ILAFAT

Topan We
Chapter #30

Hari Ke 21

Angin malam berhembus lembut, membawa aroma tanah basah yang baru saja diguyur hujan. Suara jangkrik dan serangga malam menjadi latar belakang yang seolah menenangkan hati, namun di balik keheningan itu, ada sesuatu yang mengintai.

Dua santri, Wardi dan Rizal, tengah berjalan menyusuri lorong-lorong sempit di belakang pesantren. Mereka bertugas ronda malam, sebuah kewajiban yang diemban oleh setiap santri untuk menjaga keamanan pondok. Malam ini, seperti malam-malam lainnya, mereka berjalan beriringan, sembari membaca shalawat nabi dengan suara lirih. Setiap langkah mereka terasa berat, namun damai, seiring lantunan doa yang mengalun indah di bibir mereka.

"Ya Allah, semoga kita diberikan keselamatan," bisik Wardi pelan, matanya menatap lurus ke depan.

"Amin," jawab Rizal, menyambut dengan suara yang hampir tak terdengar.

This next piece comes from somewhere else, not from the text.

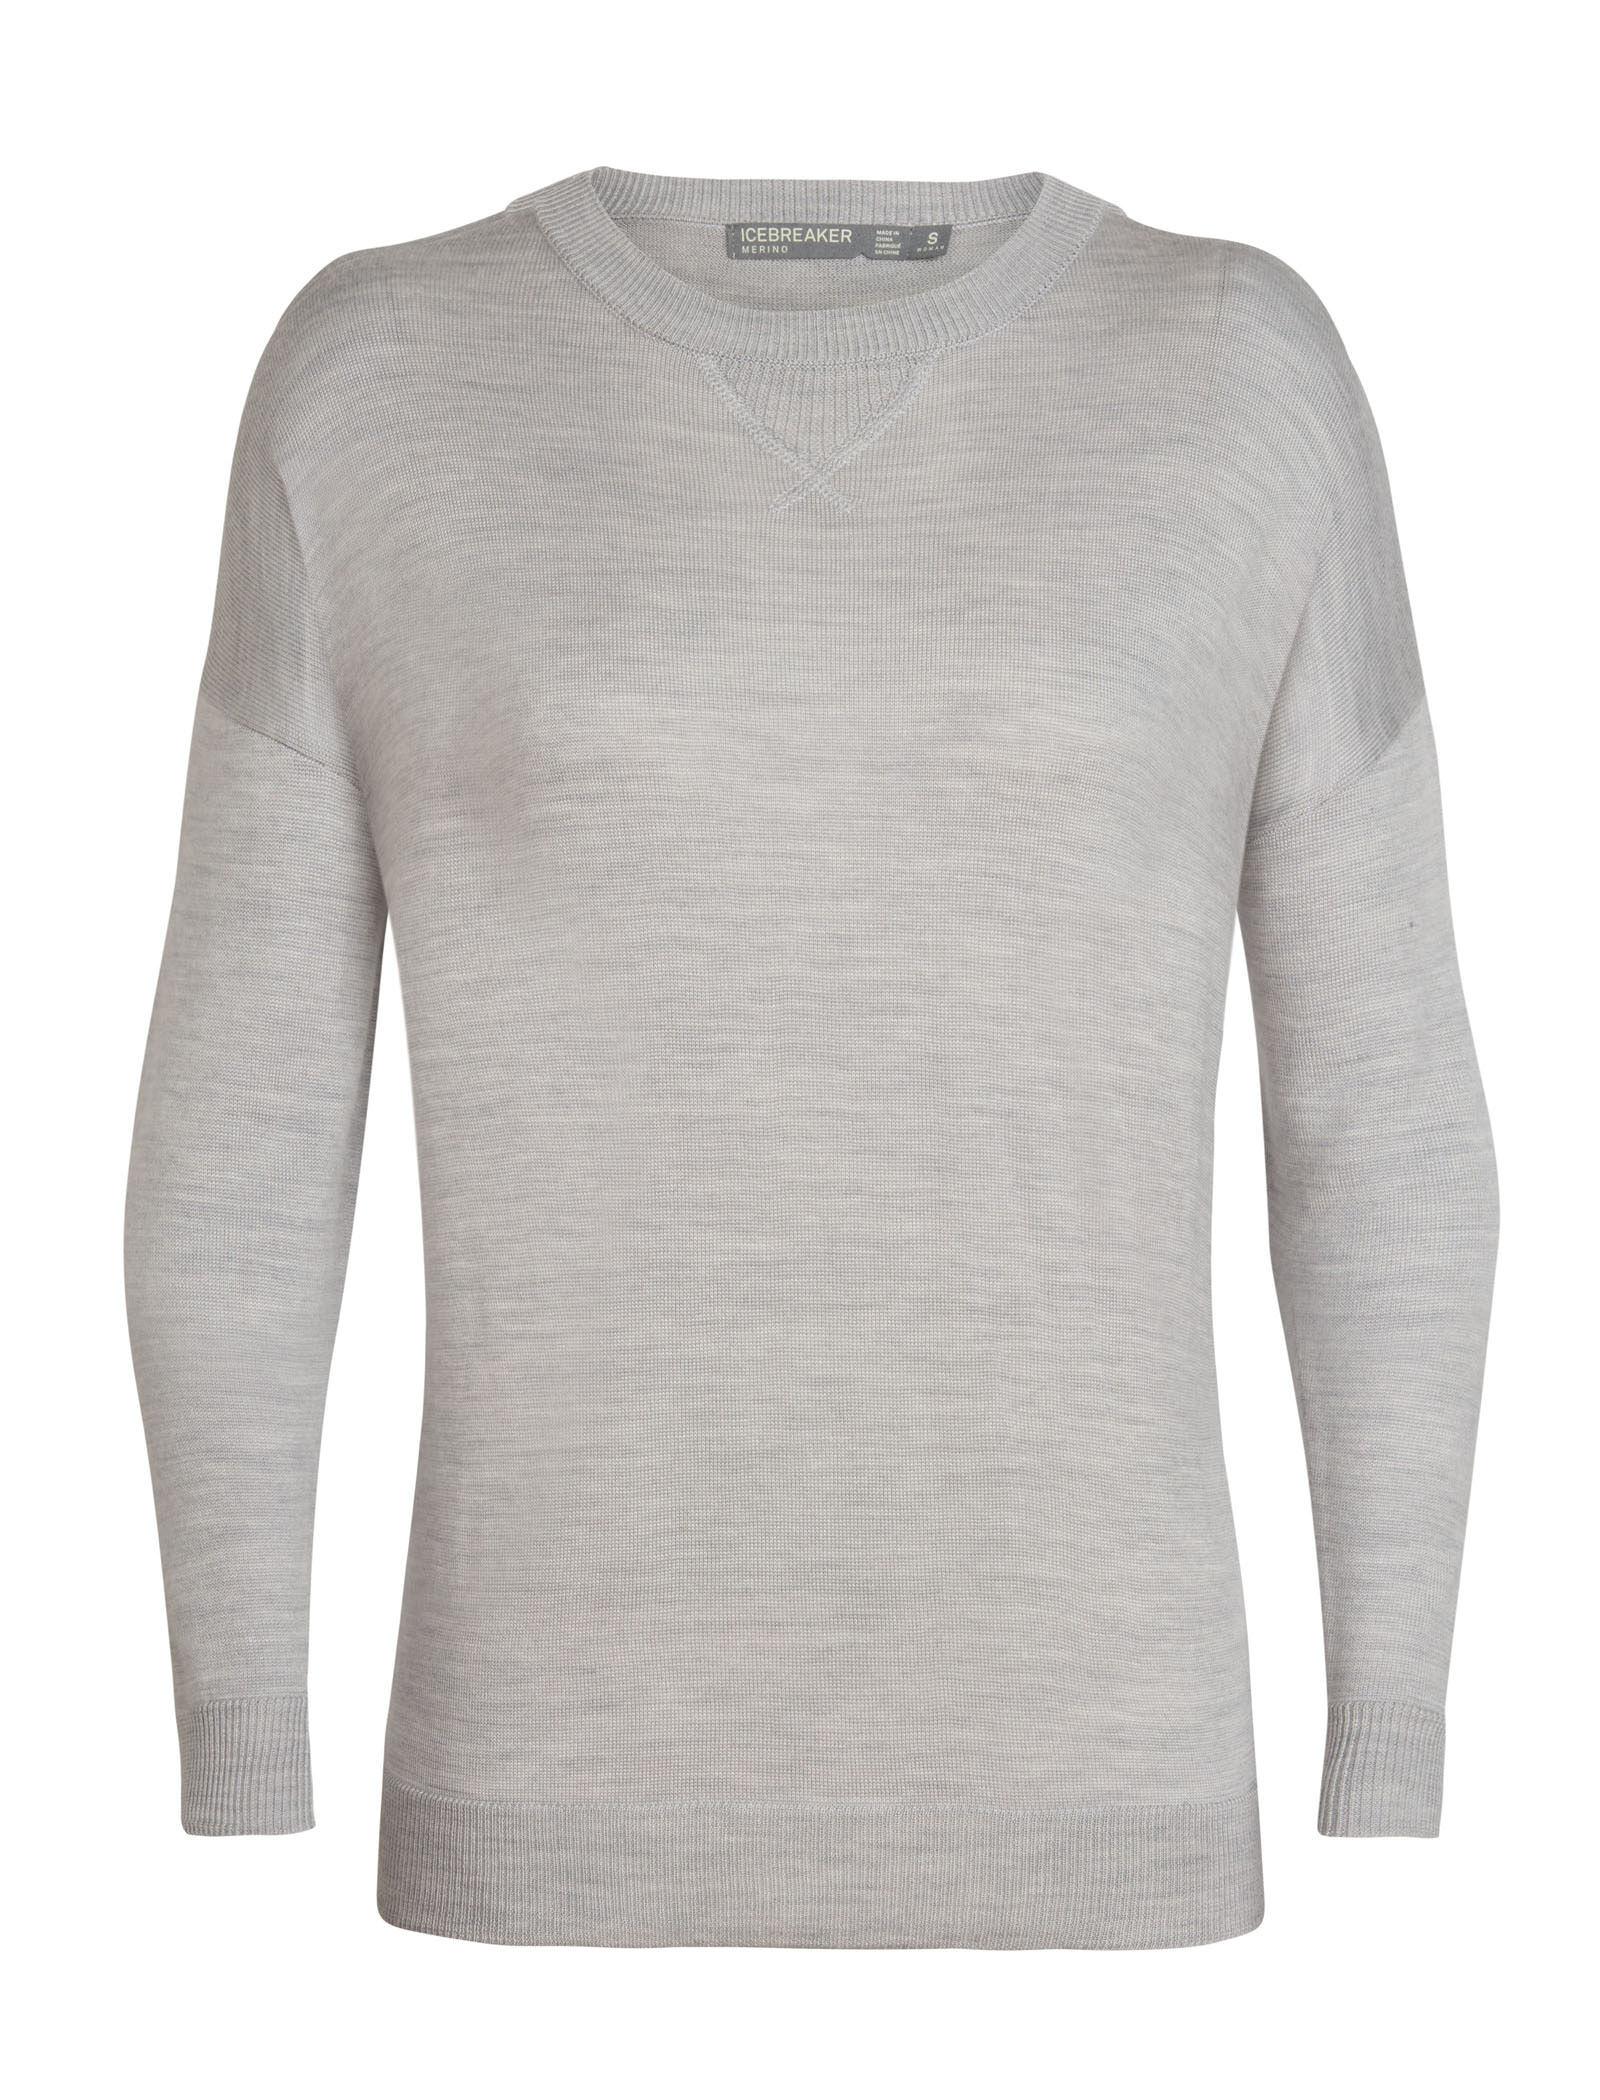 Damenbekleidung : EY 25559 Damen Bereit Print Shirt

Keduanya terus berjalan, melewati pepohonan rimbun yang menjadi batas antara pesantren dan hutan kecil di sekitarnya. Di belakang pesantren itu, suasananya lebih sunyi, seolah-olah dunia berhenti bergerak. Hanya lampu-lampu kecil di sepanjang jalan setapak yang menyinari kegelapan malam.

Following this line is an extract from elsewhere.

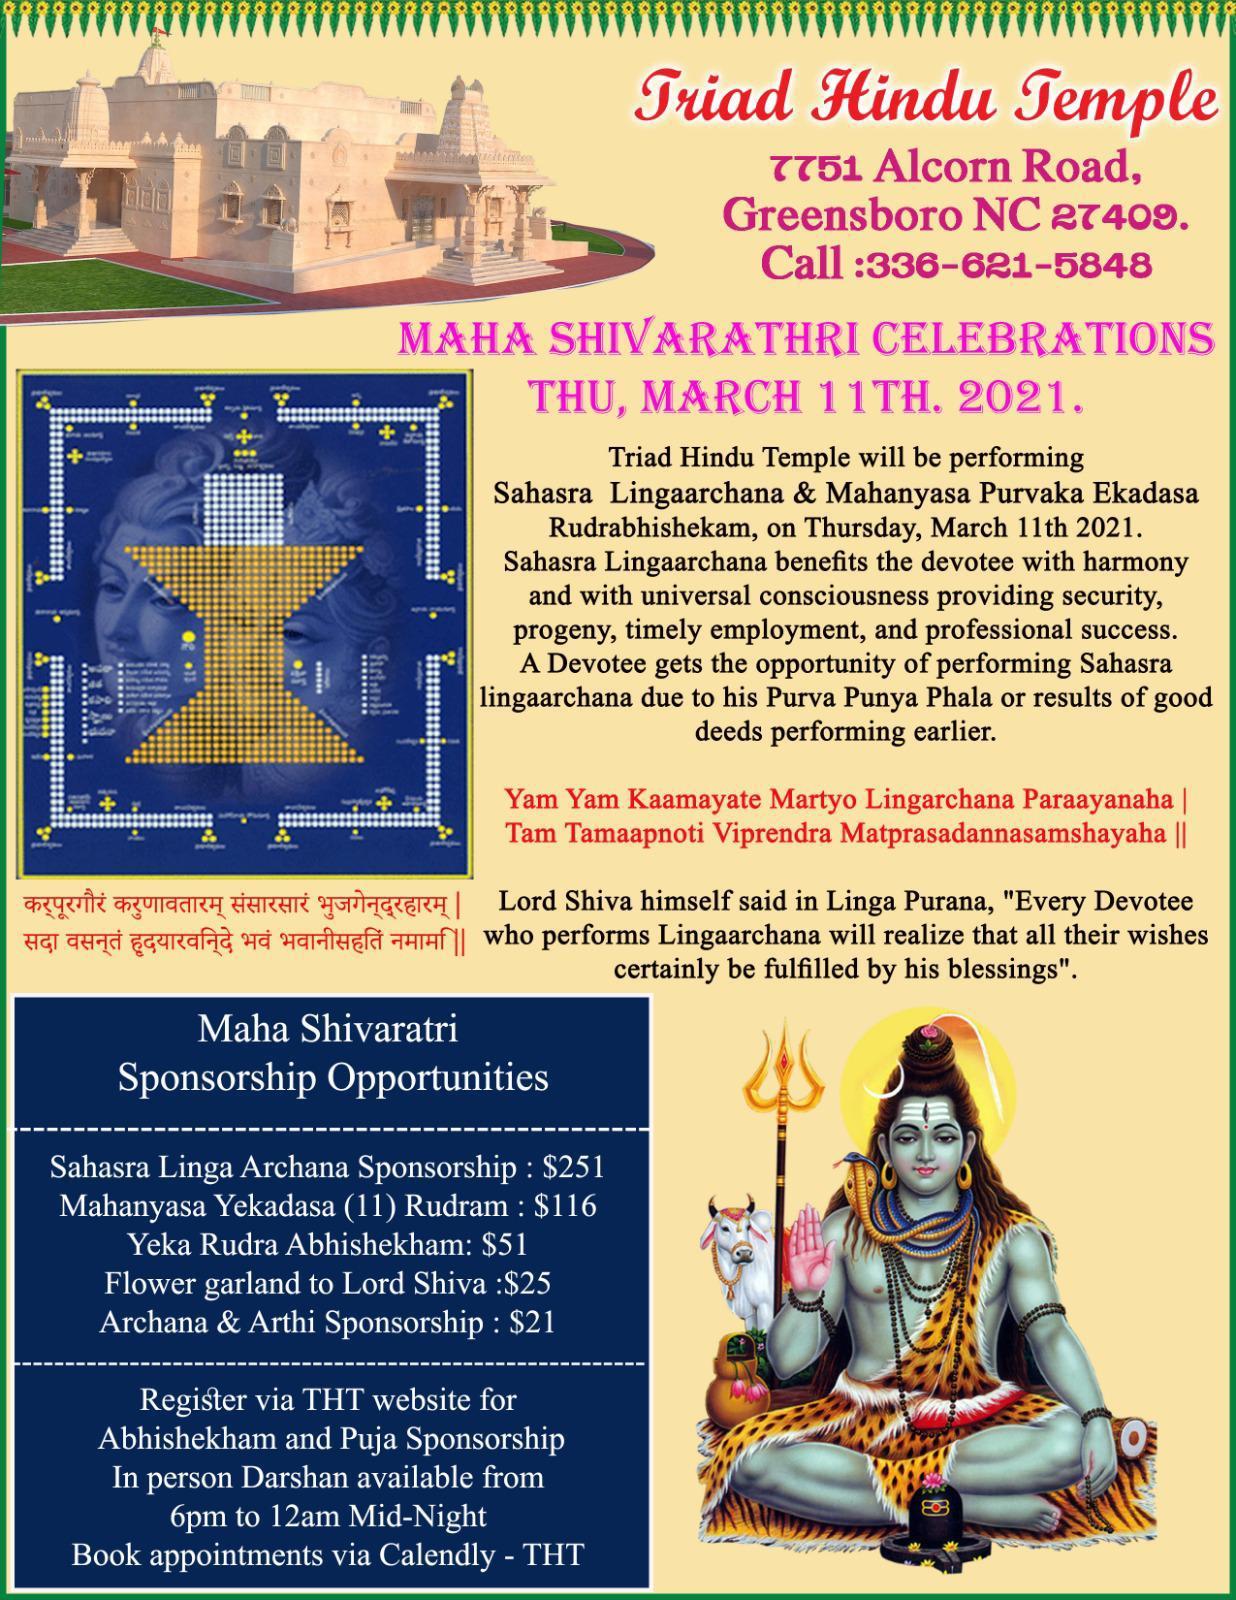 THT MahaShivaratri Celebrations

Namun, ketika mereka sampai di ujung jalan setapak, di dekat tembok pembatas pesantren, sesuatu yang aneh mulai terasa. Suasana malam yang biasanya tenang dan sejuk, tiba-tiba berubah. Wardi merasakan bulu kuduknya berdiri. Rizal pun merasakan hal yang sama. Mereka berhenti sejenak dan saling memandang, merasakan ketegangan yang mulai mengalir di udara.

"Apa kamu merasakannya Di?" tanya Rizal, suaranya bergetar.

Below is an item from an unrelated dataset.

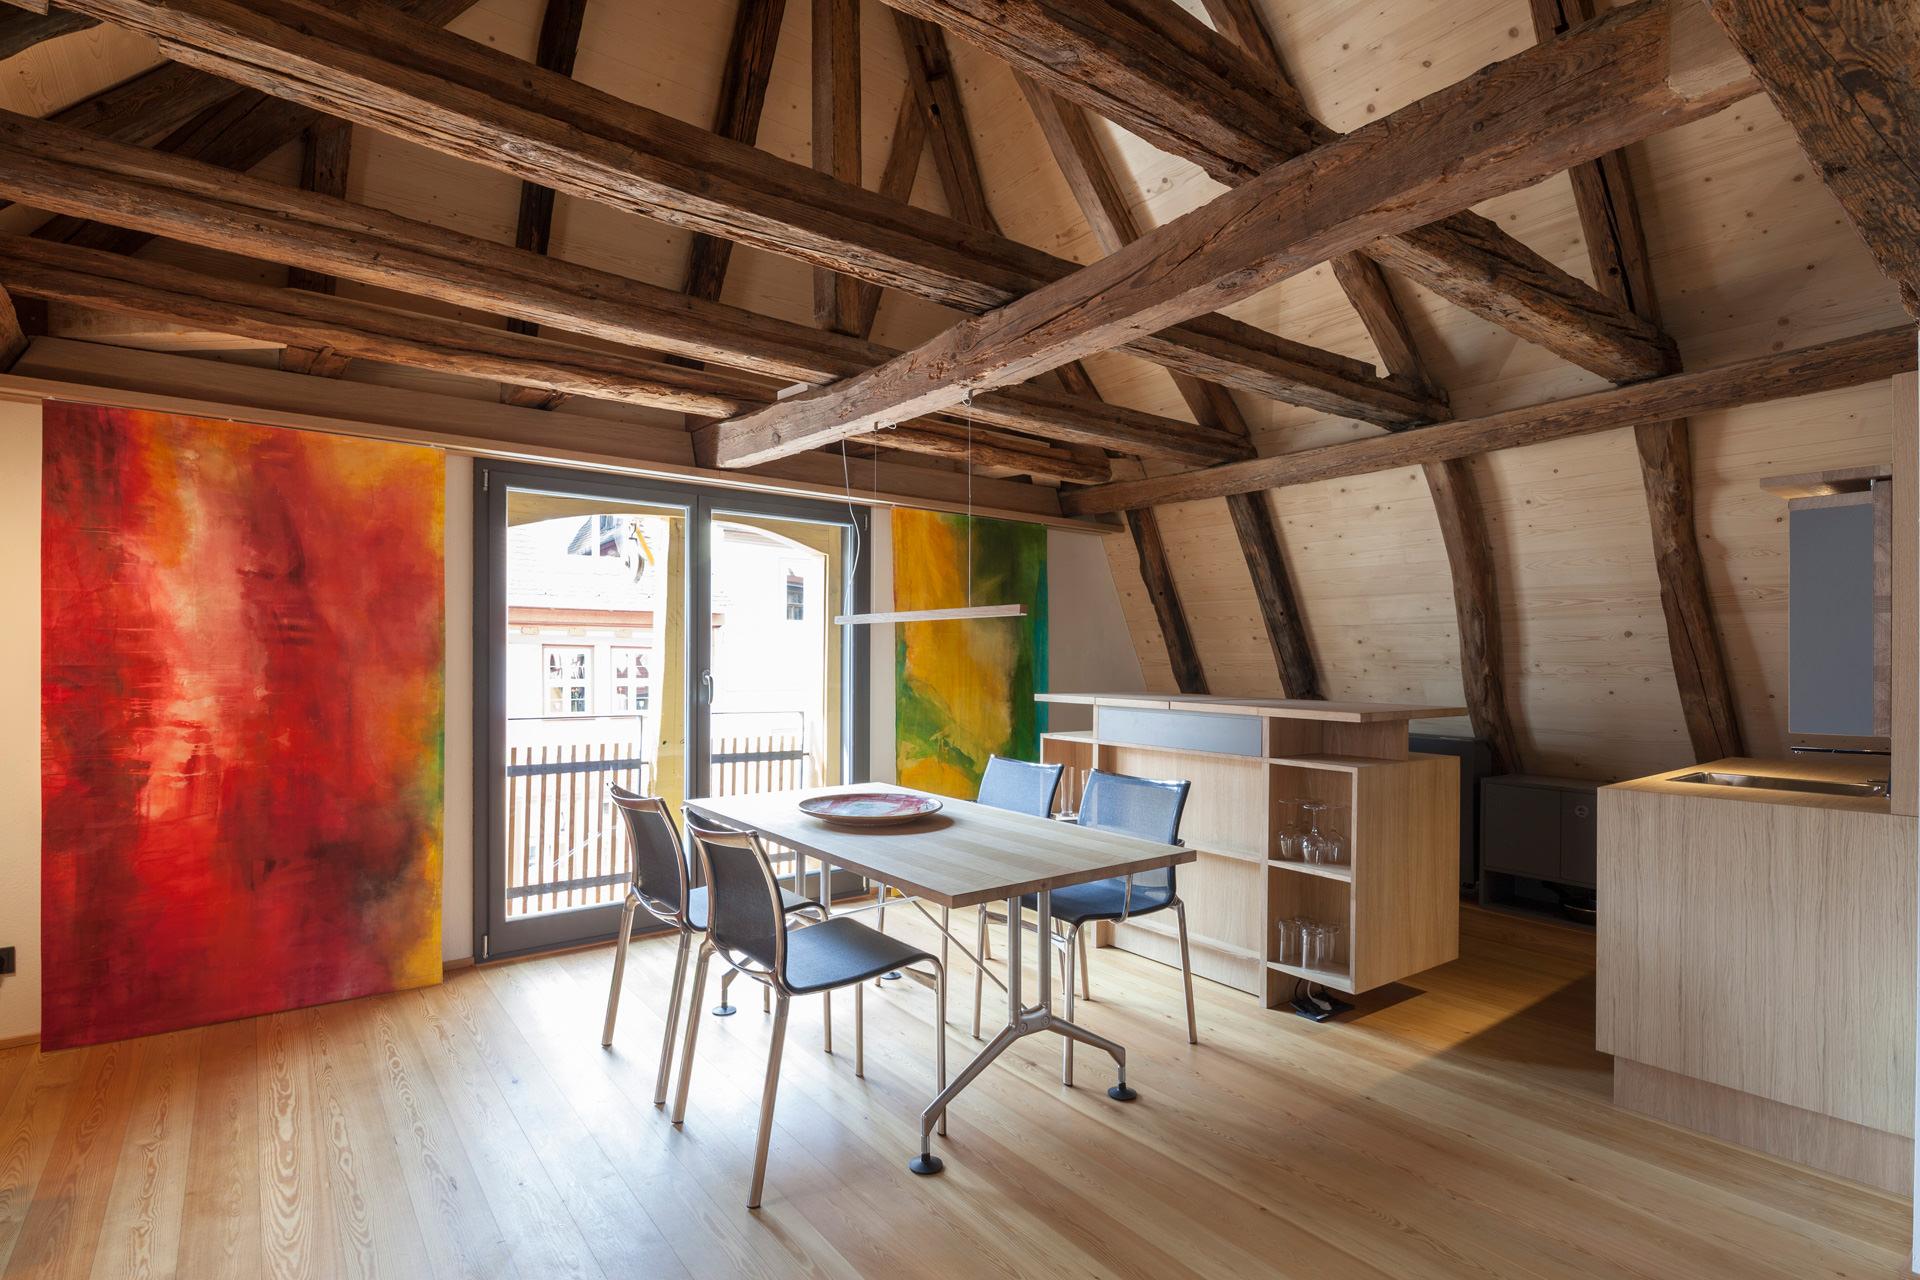 Wohnung In Karlstadt : denkmal karlstadt ferienwohnung ~ Watch28wear.com Haus und Dekorationen

Wardi mengangguk pelan, matanya masih menatap ke arah hutan yang gelap di ujung jalan. Tiba-tiba, terdengar suara seperti suara wanita yang menangis, pelan namun sangat jelas. Suara itu datang dari arah belakang mereka, tepat di antara pepohonan yang rimbun.

"Di... Wardi, suara siapa itu?" bisik Rizal, matanya melotot ketakutan.

Tanpa menunggu lebih lama, suara itu semakin mendekat, dan tiba-tiba terdengar suara tawa yang sangat nyaring dan menyeramkan. Wardi dan Rizal menoleh ke belakang, wajah mereka pucat pasi. Sosok yang muncul di tengah kegelapan itu sangat menakutkan. Seorang wanita berpakaian putih dengan rambut terurai, wajahnya pucat dan bermata merah, berdiri tegak dengan senyum lebar yang sangat menyeramkan. Itu adalah sosok kuntilanak.

Mata Wardi dan Rizal terbelalak. Mereka berdua merasa tubuh mereka beku, tak mampu bergerak. Suara tawa itu semakin terdengar jelas, semakin mendekat, membuat langkah mereka tercekat. Tanpa berpikir panjang, mereka langsung lari terbirit-birit, meninggalkan sosok itu yang sepertinya perlahan mulai mengejar mereka.

Bertaruh dengan kegelapan, mereka berlari sejauh mungkin, melompati jalan setapak yang sempit dan berliku. Wardi dan Rizal tak peduli lagi dengan segala sesuatu di sekitar mereka. Yang ada dalam pikiran mereka hanyalah untuk segera keluar dari tempat itu.

Setibanya di depan kamar mereka, kedua santri itu akhirnya berhenti, terengah-engah, tubuh mereka basah kuyup oleh keringat. Wardi terburu-buru mengetuk pintu kamar mereka, membangunkan teman mereka, Robi.